I didn’t mean it cunningly, but the question seemed to present Ron with layer upon layer for measurement and consideration. The answer might be strewn with implications, his silence seemed to say; whatever he replied might be a blunder. Maybe, I thought, I’d asked it mainly because all my conversations about my baby and its father had been with myself. I didn’t really need an answer for any other reason than to satisfy a thirst for words on the subject from another person, the way I might ask for a glass of water. To avoid a long fall into silence, I stood up and said we should get going, and as we walked back over the bridge and set off in the Land Rover down the opposite side of the river toward the city, we began to talk again of this and that, the weather, the way people drove, the cost of things.
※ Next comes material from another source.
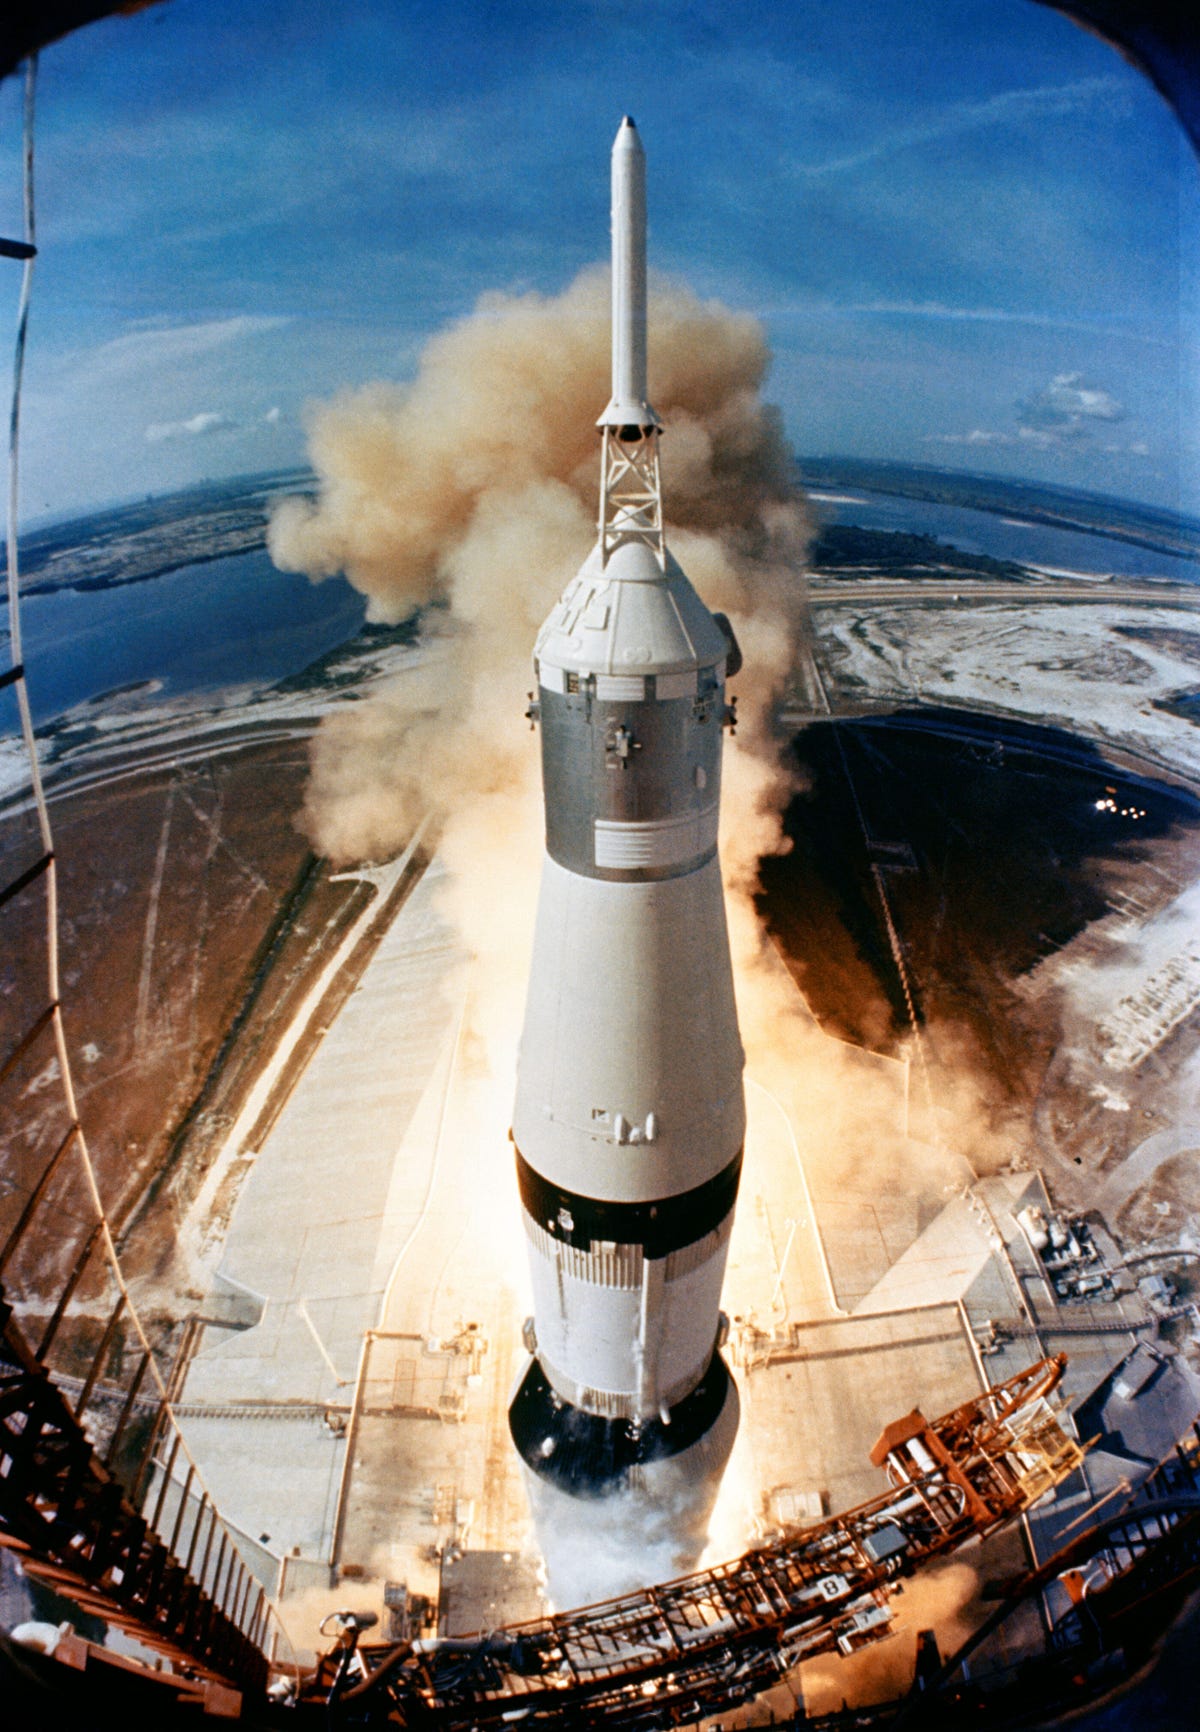 Massive Saturn V rocket takes off in a blaze of glory from Florida for the Apollo 11 mission.

I pointed out a brash-looking house with a Spanish balcony and pampas grass in the garden, and Ron laughed and said he bet it was called the Hacienda.

So the miles to Inverness, our voices saying nothing in particular, the day itself: all passed along. I bought my clothes while Ron went to a hardware store, and then we had lunch in a shopping center, looking not so different from every other couple there. Ron had been given a cap in the hardware store to promote something or other, and I put it on and he burst out laughing and said I looked like a boy of seventeen. I kept it on, partly because it amused him but also because it felt so good to be lighthearted about the matter of staying unrecognized. Together we shopped in a department store for the things on the list we’d made with Silva, and Ron insisted on paying half. We arranged to drive round to the customer collection point at the back, and we even picked up leaflets about applying for the store’s charge card. By then I felt soothed by the ordinariness of our day; it made me absurdly happy to be out and behaving like everyone else.